Prague was the easiest "walking" city of those I visited. We stayed at the InterContinental Praha (www.prague.intercontinental.com), superbly located in the Old Town, with rates from about 150 Euro or $175. Prague was one of the few cities in Europe spared wholesale destruction during World War II and so retains the charm and beauty of a Renaissance capital. Its Old Town Square, ringed with colorful and historic buildings dating from the 14th century, has to be one of the greatest public plazas in the world. You can scrutinize the intricacies of its buildings for hours. You can snack on bratwurst from vendors or sit at comfortable cafes and restaurants along the cobble stone square and watch the world pass by - horse drawn carriages, locals enjoying a day out, tourists from around the world gathering every hour in front of the square's famous astronomical clock to watch the procession of the 12 apostles, followed by Death, a skeleton, ringing the hour.

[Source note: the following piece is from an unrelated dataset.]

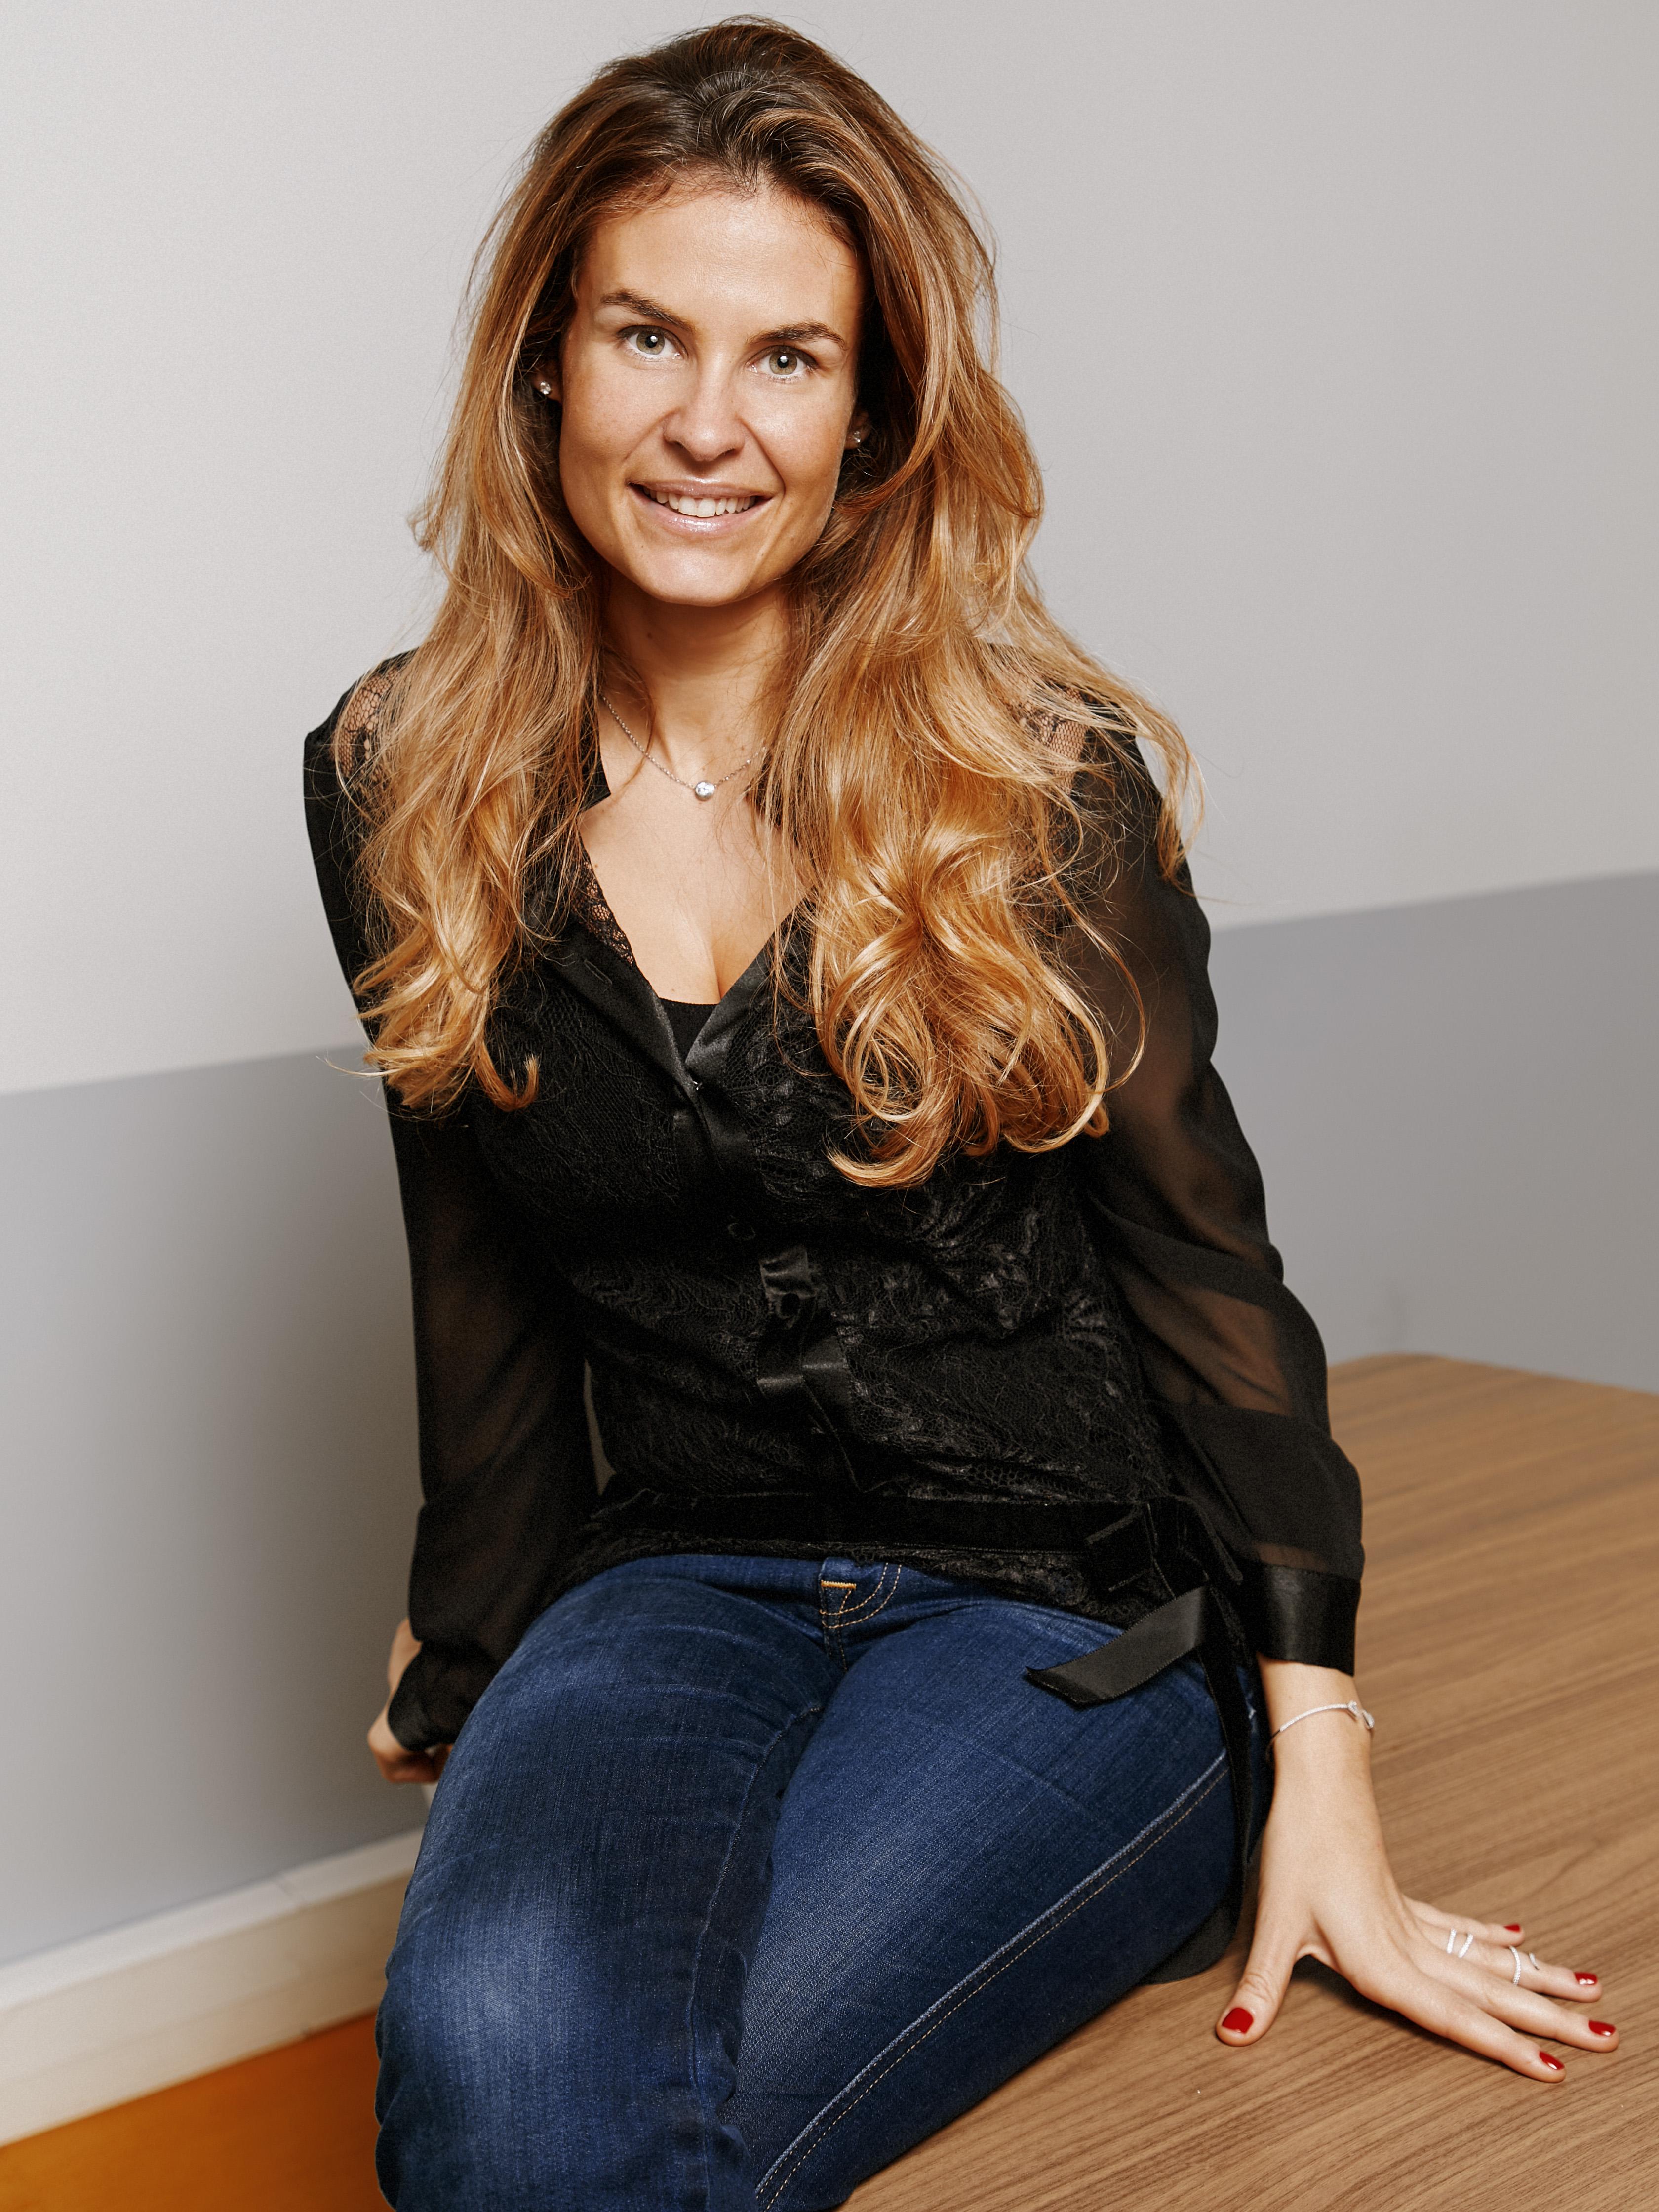 Karine Schrenzel, PDG des 3 Suisses au JDE : « L'envie d'entreprendre est un sentiment que j'ai toujours porté en moi »

The InterContinental sits at the end of Parizska Street, near the Vltava River. Parizska, or Paris Street, used to be the poor Jewish Quarter. Today, it's home to elegant shops and trendy restaurants. Just a few dozen yards from the hotel's entry, down Parizska, you'll find the historic synagogues of Prague. The Old-New Synagogue built in 1270 is the oldest synagogue in Europe. Behind it is the Pinkas Synagogue, now a memorial to Czech Jews killed in the Holocaust and surrounded by a 500 year old Jewish cemetery with thousands of ancient gravestones tilted and crowded grotesquely in a small area.
The Old Town Square is just three blocks up Parizska Street and just a short distance further on is perhaps Prague's most famous landmark - the Charles Bridge (Karluv Most). The pedestrian-only bridge built in the 14th century is bordered by gothic bridge towers and crowned at each of its more than dozen piers with historic statues. The crossing is an adventure of perusing the wares of local artists, listening to musicians, watching the river traffic on the Vltava, or studying the statuary. Further on, uphill, is the area called Hradcany. Here you'll find the walled Prague Castle and the grand gothic St. Vitus Cathedral.
No trip to Prague is complete without a boat ride down the Vltava to examine the city from its roots.
Each of the cities I visited had its own unique beauty and charm. They are destinations I would visit again. I think I have made you a sketch of my voyage. In the months ahead, I'll paint you a finished picture.